» Recorded data:
****************************************
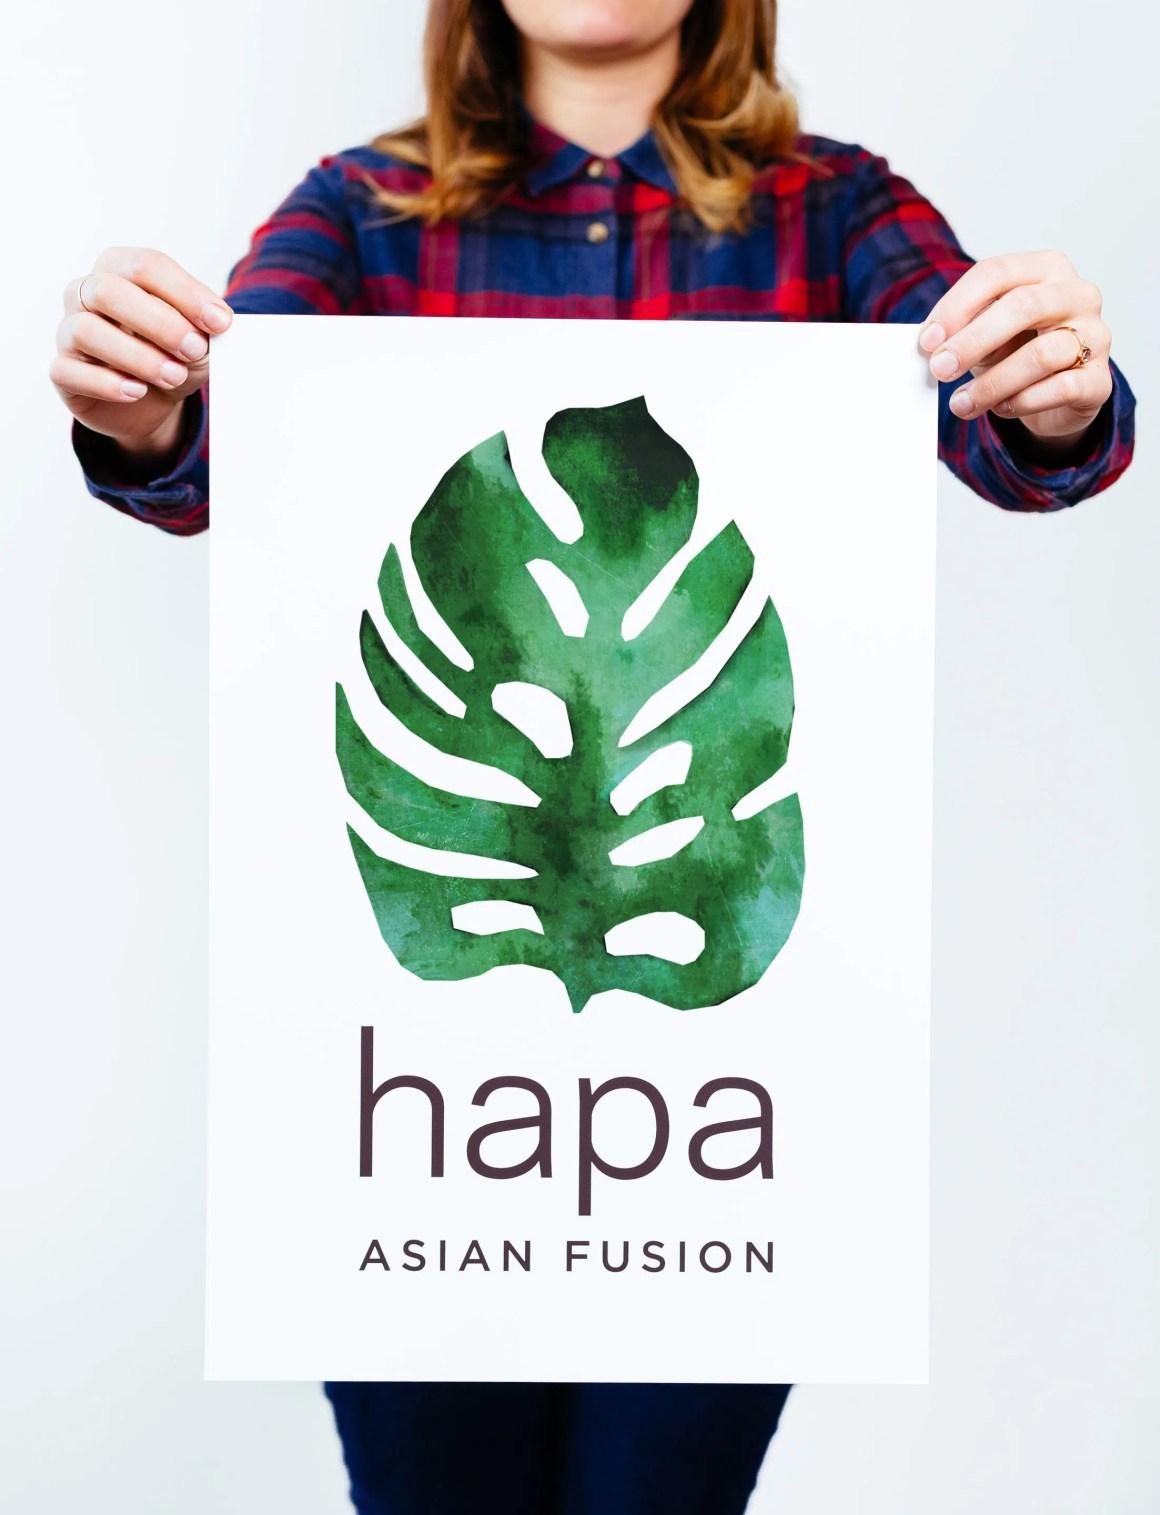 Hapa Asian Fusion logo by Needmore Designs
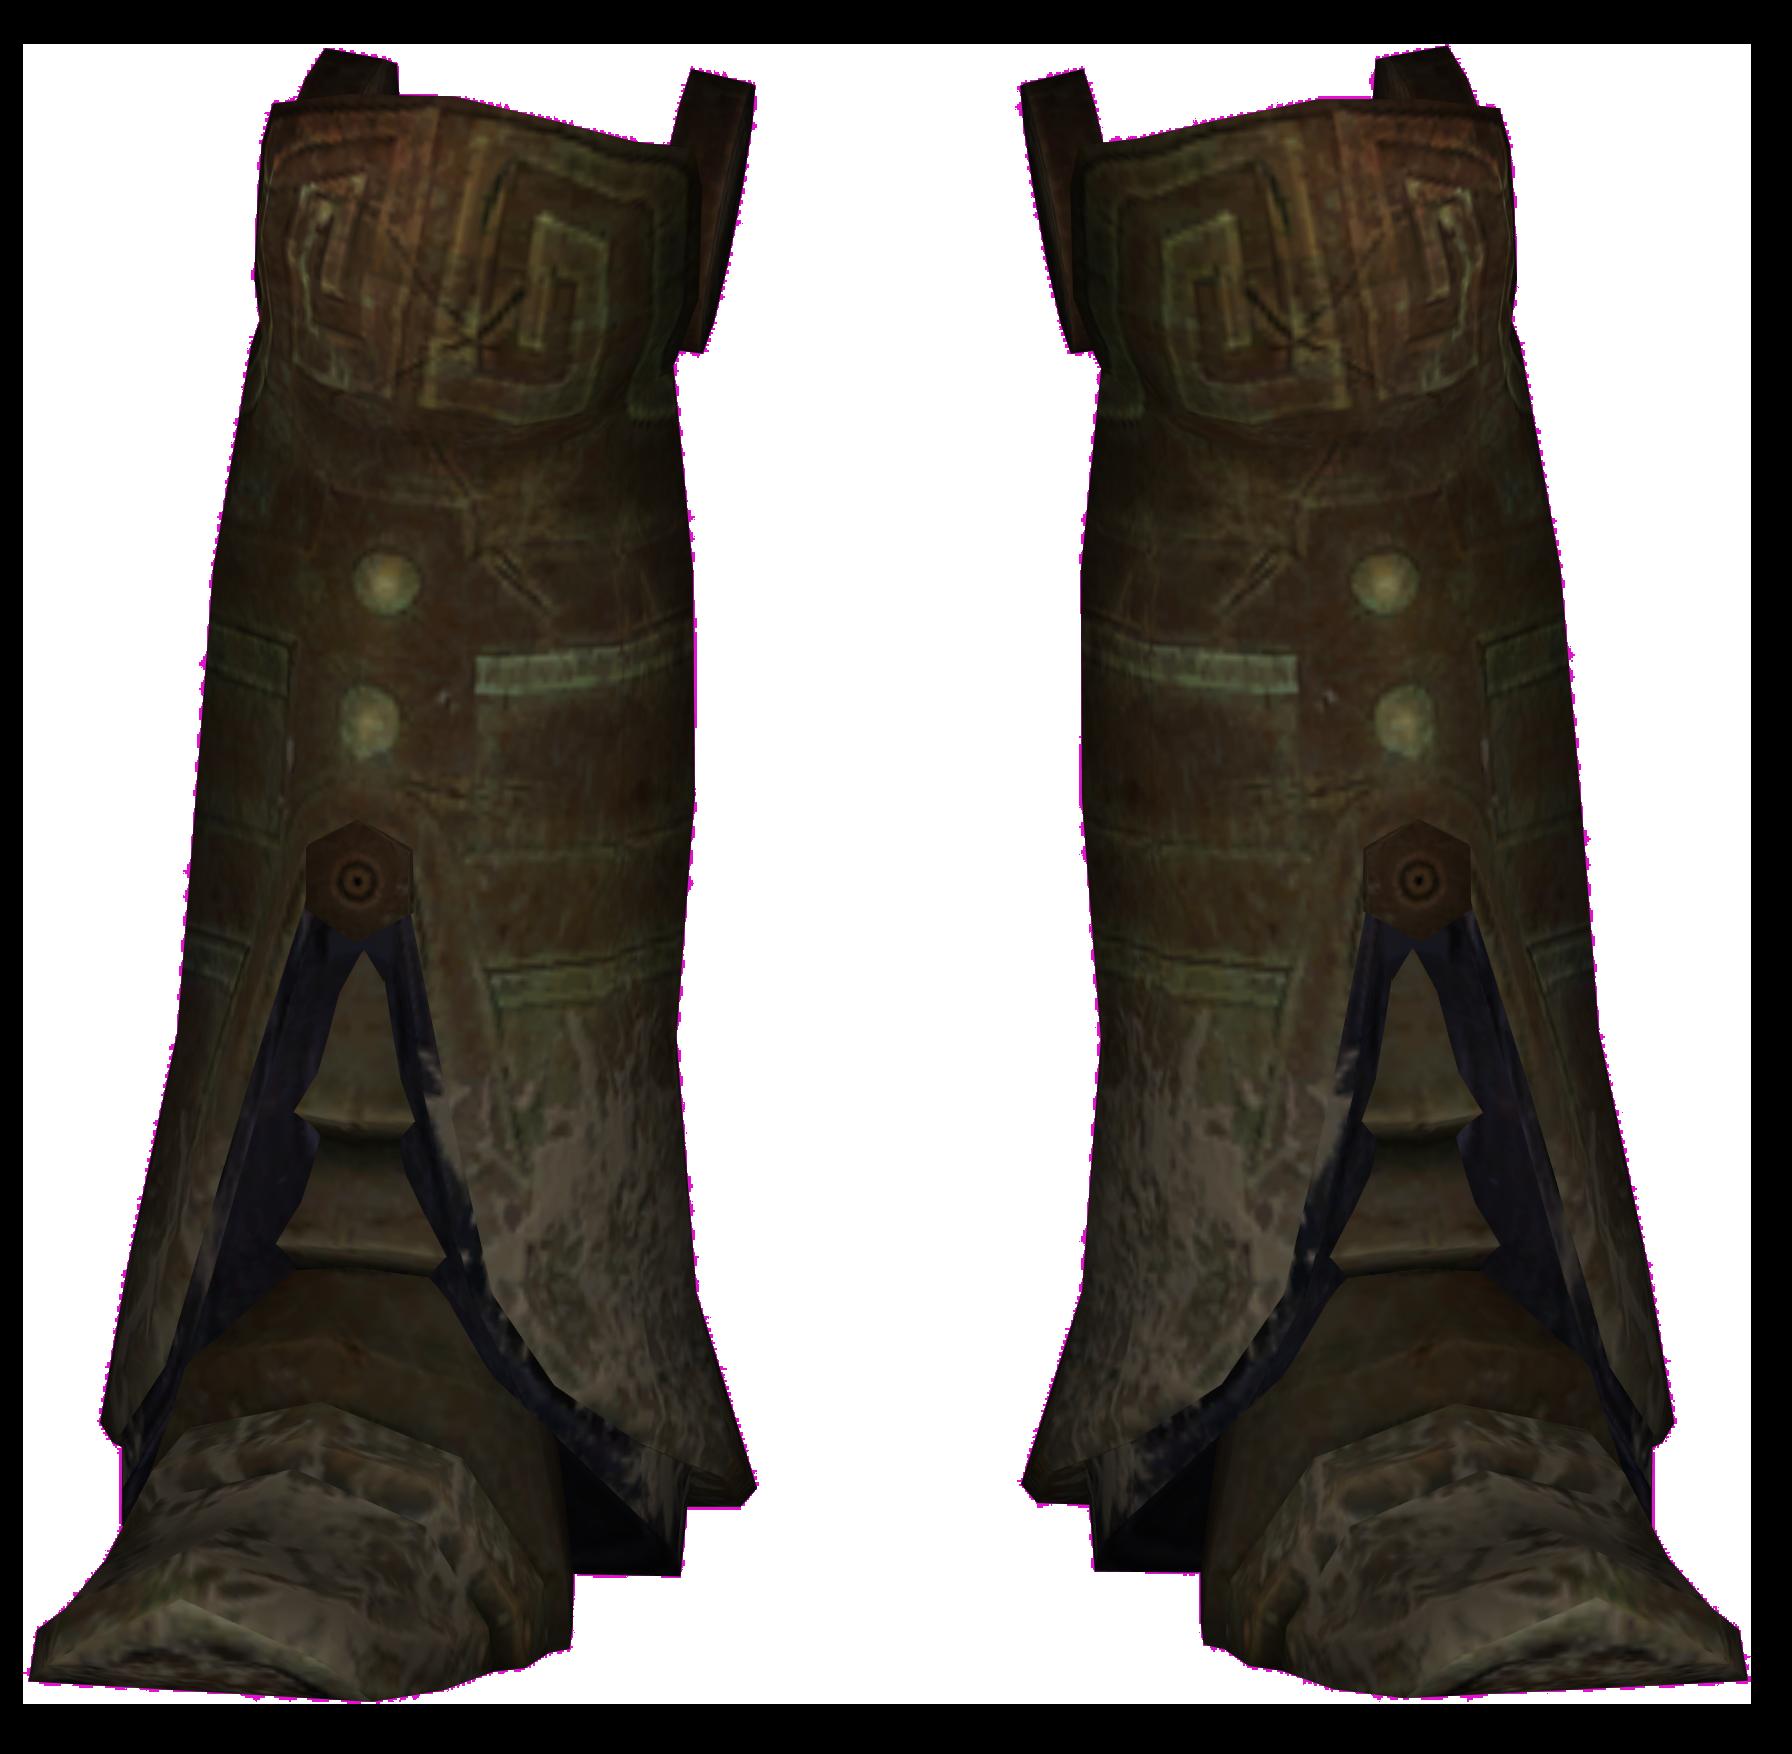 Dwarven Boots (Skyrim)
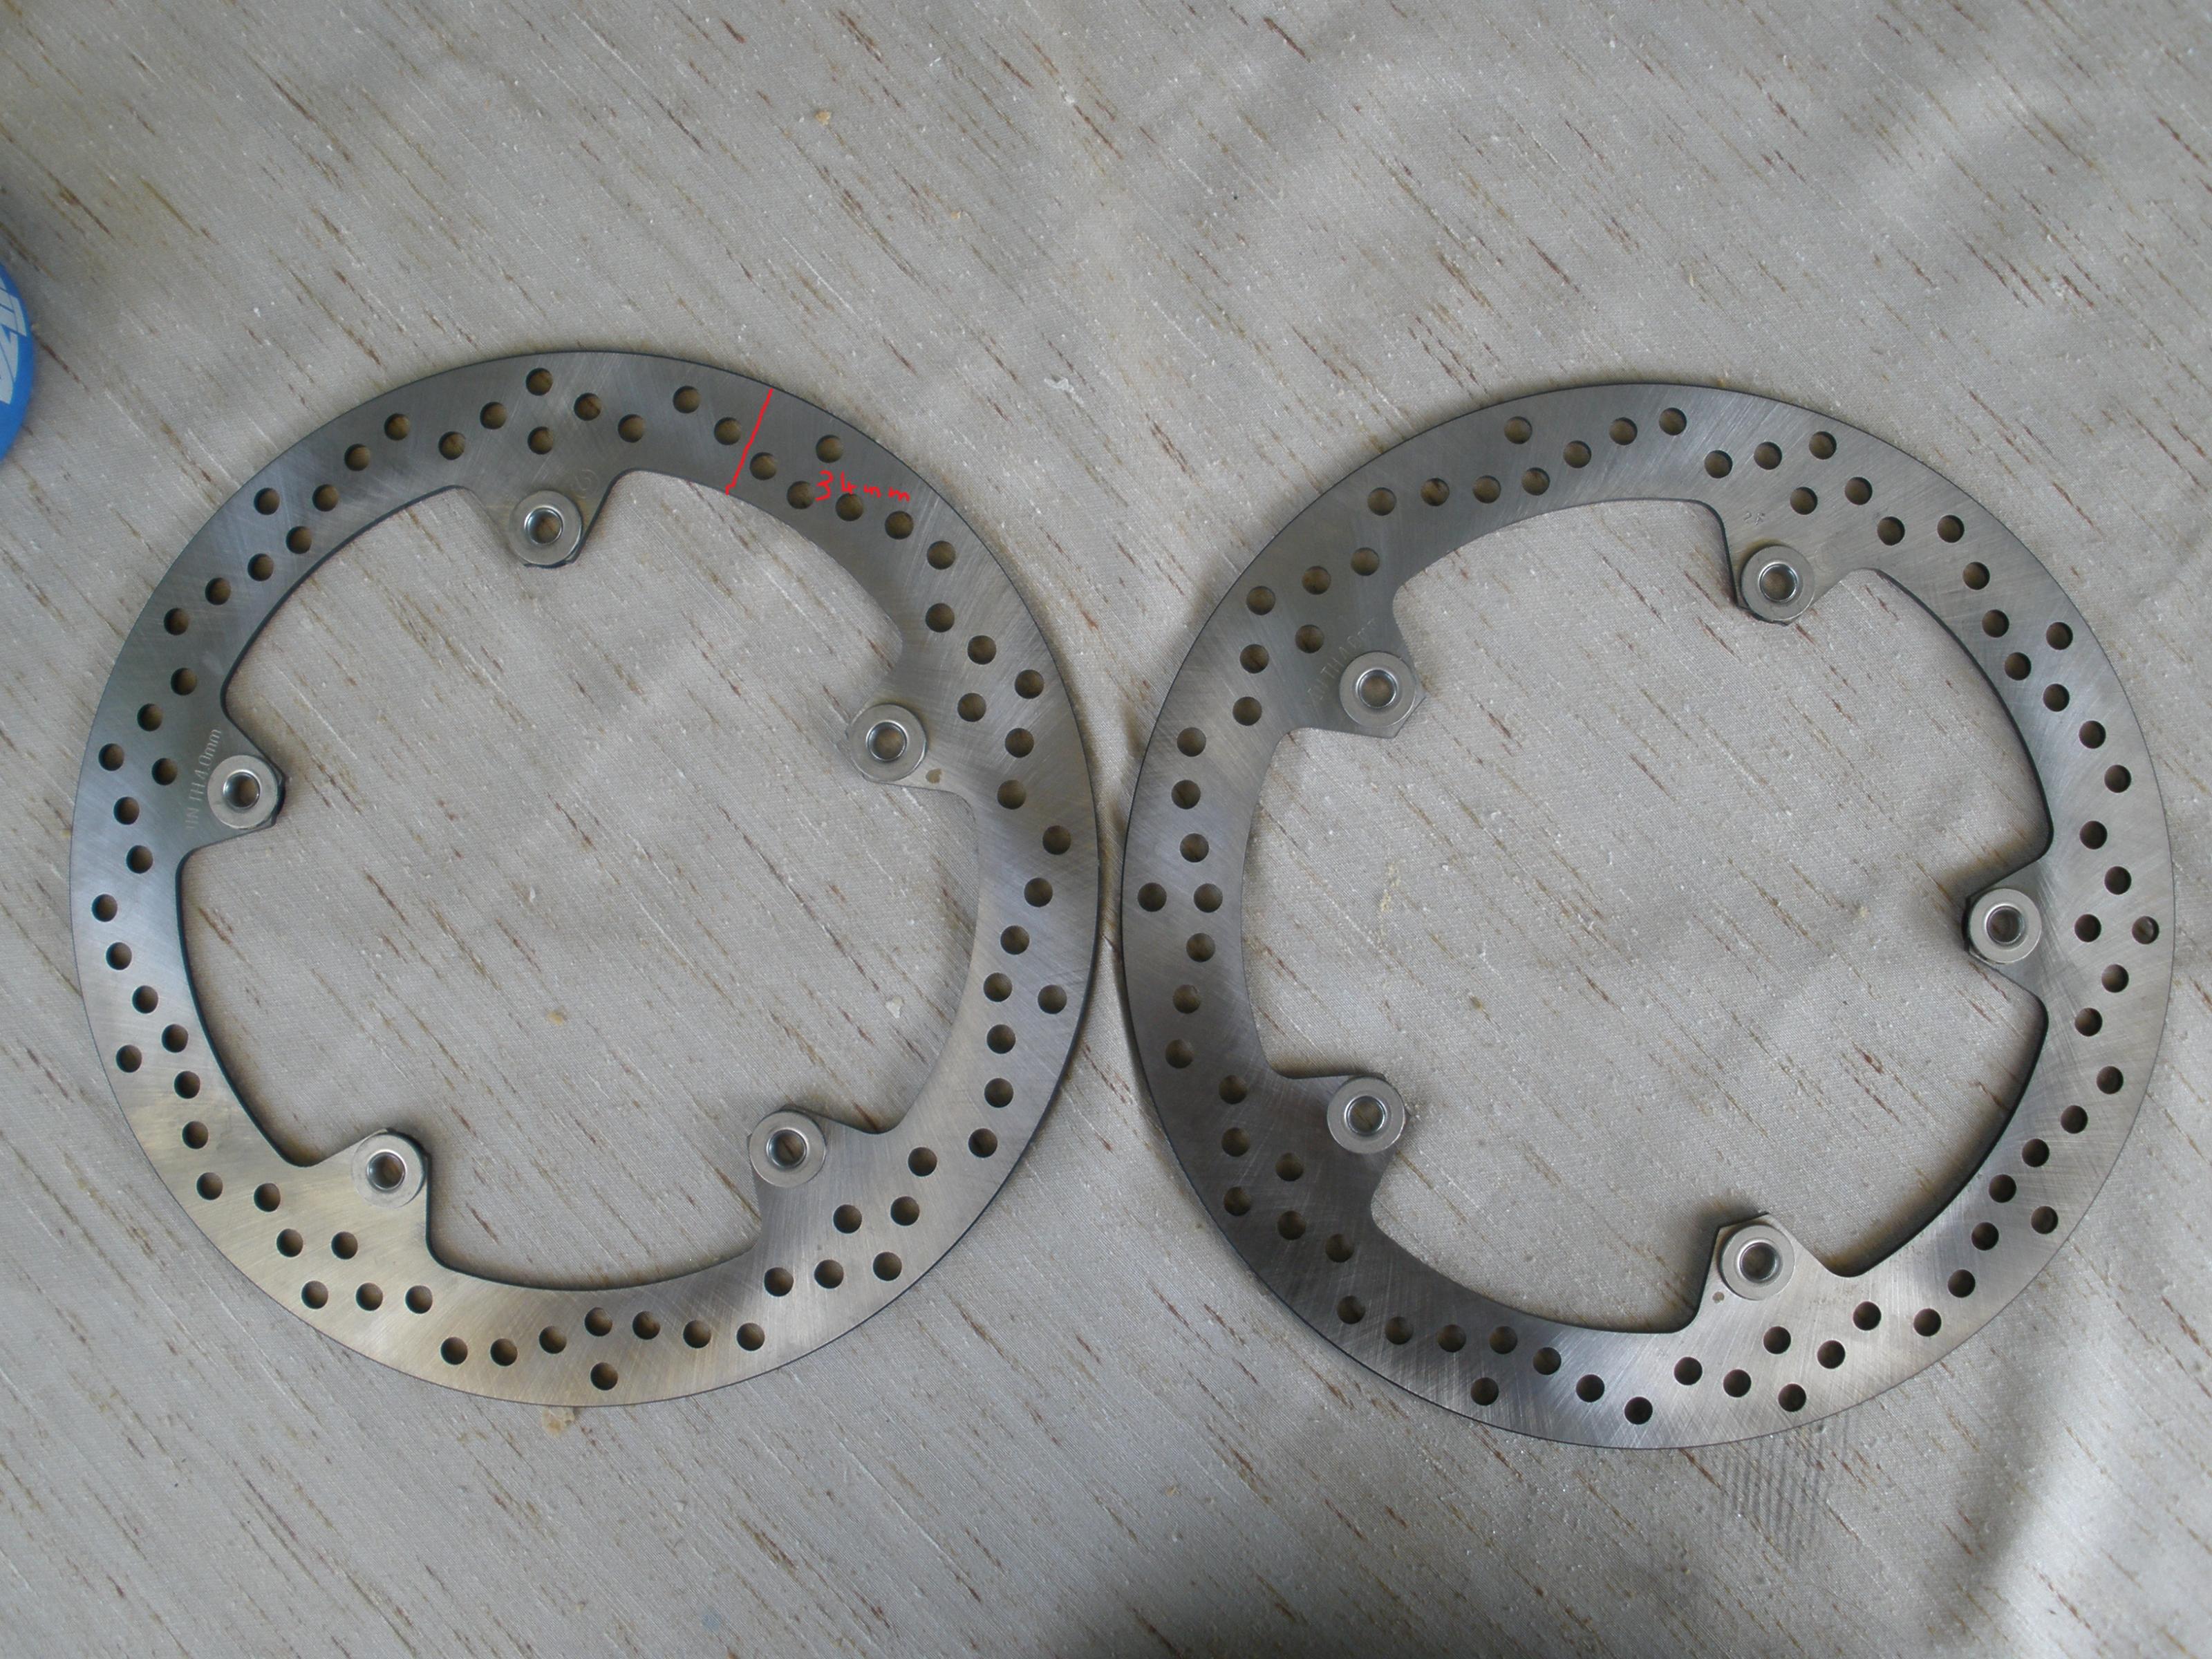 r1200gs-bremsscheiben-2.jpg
****************************************
» Description of the task:
Give back an exact copy of only the lines from the one with "Dwarven Boots (Skyrim)" through the final line of the material, both included. Pictures do not belong in it.

» Result:
 Dwarven Boots (Skyrim)
 r1200gs-bremsscheiben-2.jpg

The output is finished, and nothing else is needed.